[GOAL OF THE EXERCISE]
Where does the string "Stock" appear in the records? Copy each line that holds it.

[EXTRACTED INFORMATION]
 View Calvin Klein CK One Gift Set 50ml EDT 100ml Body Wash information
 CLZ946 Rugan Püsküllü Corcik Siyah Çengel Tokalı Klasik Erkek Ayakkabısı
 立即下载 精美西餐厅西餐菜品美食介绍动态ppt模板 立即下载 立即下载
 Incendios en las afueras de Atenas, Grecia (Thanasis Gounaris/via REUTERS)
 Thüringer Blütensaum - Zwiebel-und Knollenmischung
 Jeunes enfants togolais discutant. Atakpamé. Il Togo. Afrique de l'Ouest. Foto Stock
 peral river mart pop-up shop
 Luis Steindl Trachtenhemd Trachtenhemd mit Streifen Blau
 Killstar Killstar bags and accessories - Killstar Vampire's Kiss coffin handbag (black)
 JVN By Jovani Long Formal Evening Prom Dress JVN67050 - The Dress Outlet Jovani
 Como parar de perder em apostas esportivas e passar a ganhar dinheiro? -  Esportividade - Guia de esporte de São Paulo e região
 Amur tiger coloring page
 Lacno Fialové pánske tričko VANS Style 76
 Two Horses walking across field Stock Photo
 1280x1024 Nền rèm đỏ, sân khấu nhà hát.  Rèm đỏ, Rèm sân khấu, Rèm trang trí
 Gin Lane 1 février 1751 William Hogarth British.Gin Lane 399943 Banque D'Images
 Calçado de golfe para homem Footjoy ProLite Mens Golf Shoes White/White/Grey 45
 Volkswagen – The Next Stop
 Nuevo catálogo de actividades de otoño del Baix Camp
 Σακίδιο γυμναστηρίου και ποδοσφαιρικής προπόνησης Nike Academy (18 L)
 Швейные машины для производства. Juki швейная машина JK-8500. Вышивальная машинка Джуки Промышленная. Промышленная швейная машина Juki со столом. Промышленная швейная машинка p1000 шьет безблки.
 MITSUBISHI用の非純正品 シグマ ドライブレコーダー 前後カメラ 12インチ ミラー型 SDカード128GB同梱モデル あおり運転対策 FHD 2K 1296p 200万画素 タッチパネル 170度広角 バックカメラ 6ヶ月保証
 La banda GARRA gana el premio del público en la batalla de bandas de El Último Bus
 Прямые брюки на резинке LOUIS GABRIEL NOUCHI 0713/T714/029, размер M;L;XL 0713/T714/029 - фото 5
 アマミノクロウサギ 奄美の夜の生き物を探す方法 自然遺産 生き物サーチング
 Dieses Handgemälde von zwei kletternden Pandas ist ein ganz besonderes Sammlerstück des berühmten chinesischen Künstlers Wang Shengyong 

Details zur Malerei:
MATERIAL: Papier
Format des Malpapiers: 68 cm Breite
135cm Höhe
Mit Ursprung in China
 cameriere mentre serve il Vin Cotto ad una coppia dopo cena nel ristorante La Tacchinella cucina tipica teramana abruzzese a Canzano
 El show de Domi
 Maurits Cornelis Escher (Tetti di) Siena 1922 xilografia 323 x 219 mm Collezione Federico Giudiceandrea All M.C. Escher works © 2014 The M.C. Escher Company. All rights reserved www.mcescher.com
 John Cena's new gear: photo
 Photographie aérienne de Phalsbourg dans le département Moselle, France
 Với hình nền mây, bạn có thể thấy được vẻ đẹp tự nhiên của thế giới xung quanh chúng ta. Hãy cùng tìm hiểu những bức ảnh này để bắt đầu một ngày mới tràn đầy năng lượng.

[TASK SOLUTION]
 Jeunes enfants togolais discutant. Atakpamé. Il Togo. Afrique de l'Ouest. Foto Stock
 Two Horses walking across field Stock Photo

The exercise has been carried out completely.